Wednesday, December 9, 2015

The Things Warlords Did Right: Questing

With all the bad things people can say about warlords it is very easy to forgot about some of things that the expansion did well.  You can complain about no dailies, no reason to do dungeons after release which valor and it associated gear could have cured early on, no flight at release, ashran not living up to what some people expected and I could go on and on with more, very reasonable, complaints we have heard.  Because of things like those ones I mentioned it is a fairly safe assumption warlords is near the bottom of more than a fair amount of peoples lists, but that does not mean that warlords did not do a few things right.

In the first of a series of posts addressing the things they did right, and only those things, I want to take a look at the questing experience, which in my opinion, was done exceptionally well this expansion.

Warlords did questing well.

I know a lot of people still consider the warlords questing experience to be quite linear in nature but I have to disagree.  As someone who actually enjoys questing, both the act of doing them and reading the quests that accompany them, I would like to consider myself a connoisseur or sort when it comes to questing and I believe it is in fact the best job they have ever done making it non-linear.
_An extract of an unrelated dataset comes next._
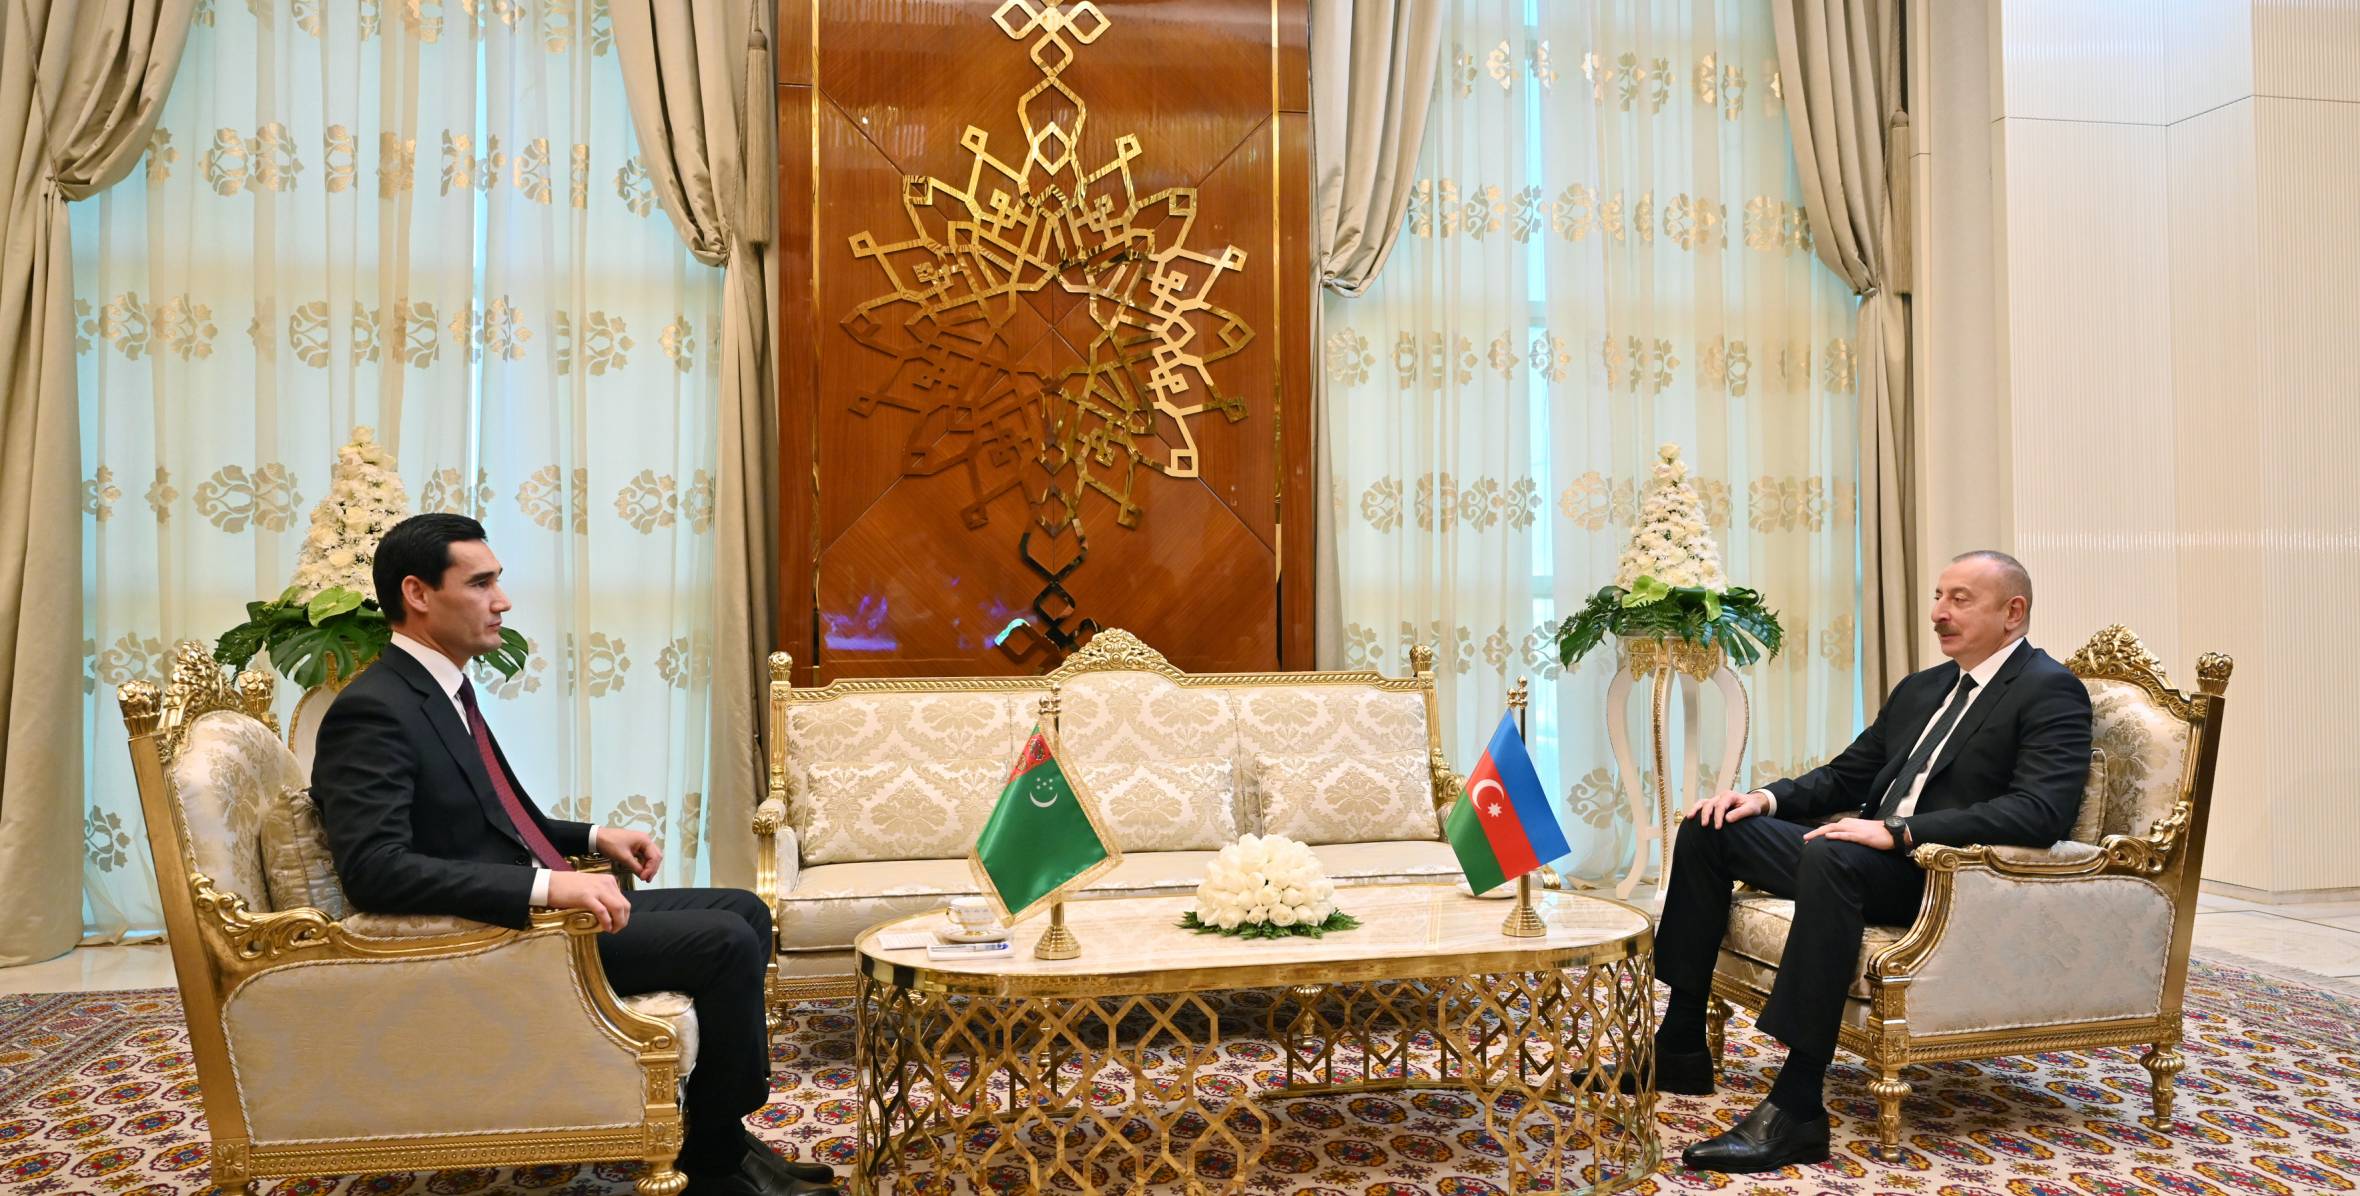 Ilham Aliyev met with President of Turkmenistan Serdar Berdimuhamedov in the city

To support my claim that the questing is in fact not linear is the fact that the "end of zone" reward, the book we get that we can trade in for a garrison blueprint, can be attained in each and every zone without doing the entire zone.  Heck, in one of those zones, Nagrand, you get it near the beginning of the zone.  That is the "big" zone reward.  So the fact that you do not need to do the entire zone to get it is about as much proof that the questing is not linear as you need.

Linear questing is such.  You need to do A to open B then do B to open C then do C to open D and continue along.  If you want to see what real linear questing was, go quest in cataclysm content.  In each and every zone on Draenor you can do the quests you are given to start with or you can choose just to turn the lead in quest in and not pick up the quests it sends you to and go exploring.  You will find many quests you can pick up that give you little hubs in that area and did not require you to do anything to open them.  You really can choose which quests you want to do and which you do not.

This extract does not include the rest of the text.